The obverse variants with the serial number (top) and dates (middle), and the reverse (bottom) of the Canadian Centennial $1 banknote.

On 3 January 1967, a $1 note commemorating the centennial of Canadian Confederation was introduced into circulation. The image on the reverse of this version shows the original Parliament Buildings, which were destroyed by fire in 1916, and is the same engraving used for a Dominion of Canada banknote designed and printed in the 19th century. The obverse includes a green monochrome adaptation of the stylised maple leaf Centennial logo marked with the years 1867 and 1967. The border of the original design was modified to include the text "Le centenaire de la confederation Canadienne" and "Centennial of Canadian Confederation".

Two variants of the design were printed; the first had the serial number at the top of the obverse, whereas the second and more common variant had the years 1867 and 1967 printed twice flanking the apex of the coat of arms. In 1968, the Bank of Canada stopped issuing the commemorative note and once again began circulating the $1 banknote with the Saskatchewan prairie on the reverse.

==Printing==
The banknotes were printed on dry paper instead of using the wet paper printing process of earlier series, and the paper consisted of 50% flax and 50% cotton. The printing process was changed from earlier banknotes, as the design now required one intaglio plate and two lithographic plates.

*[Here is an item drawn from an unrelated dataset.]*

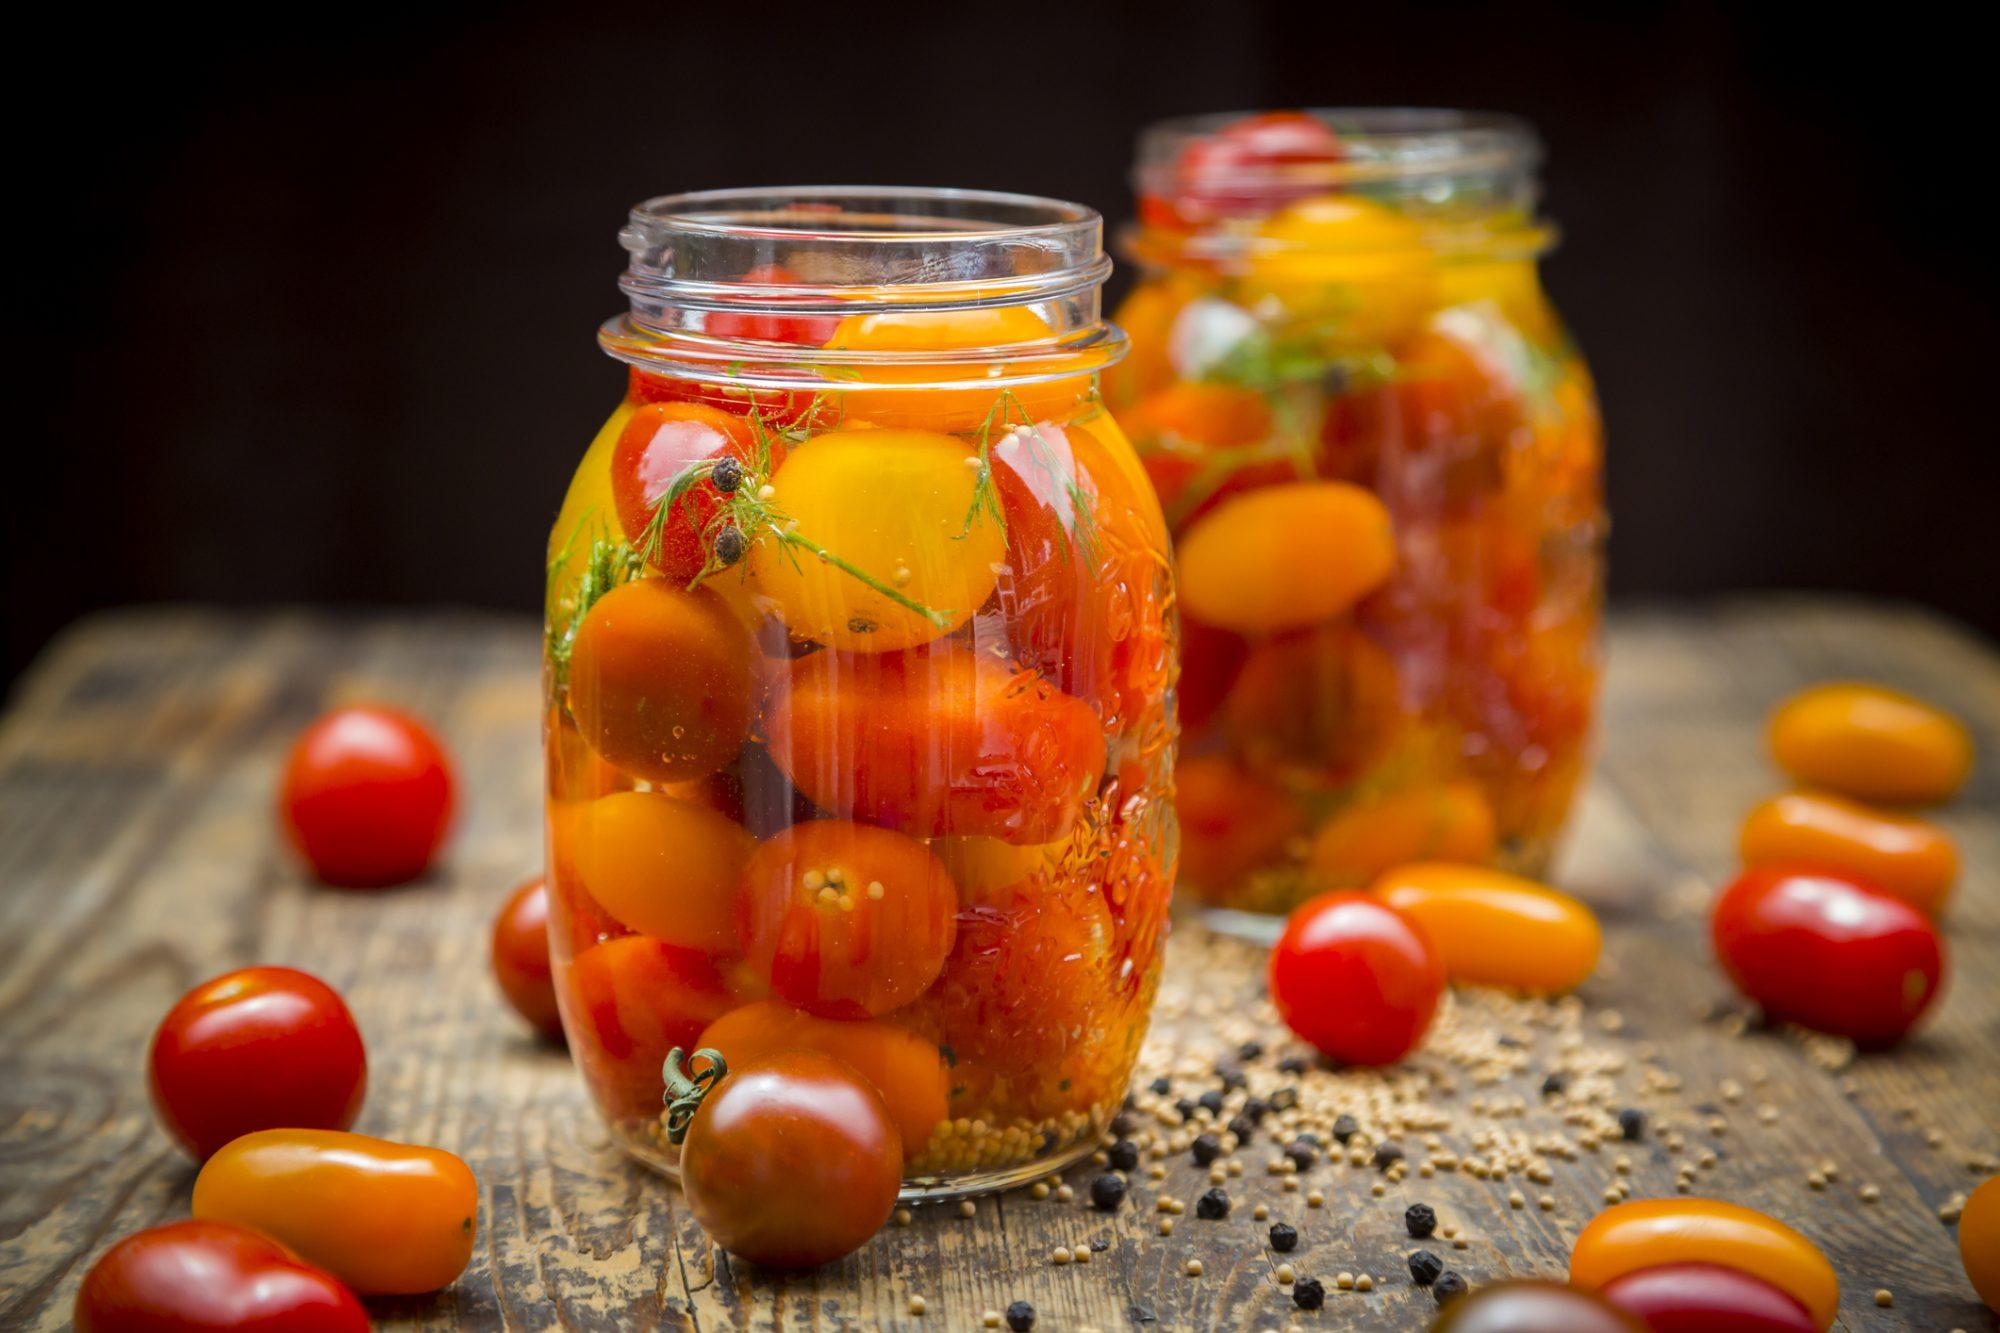 pickled tomatoes getty.jpg

The Canadian Bank Note Company printed the $1, $20, $50, $100, and $1000 banknotes, and the British American Bank Note Company printed the $2, $5, and $10 banknotes, and later the $1 banknote as well.

In 1965, after receiving authorization from the Bank of Canada, the printing companies updated their plates to print 40 banknotes per sheet of paper, instead of 32 printed per page to that point in time. The Bank of Canada also authorized engraving the signatures of the Governor of the Bank of Canada and the deputy governor directly onto the intaglio printing plates, instead of stamping them on the banknotes using letterpress printing.

==Security==
The design of the banknotes featured a "soft vignette" of the portrait on the obverse, instead of the decorative frame about the portrait used for the 1935 Series and 1937 Series of banknotes. This was deemed to make counterfeiting the banknotes more difficult.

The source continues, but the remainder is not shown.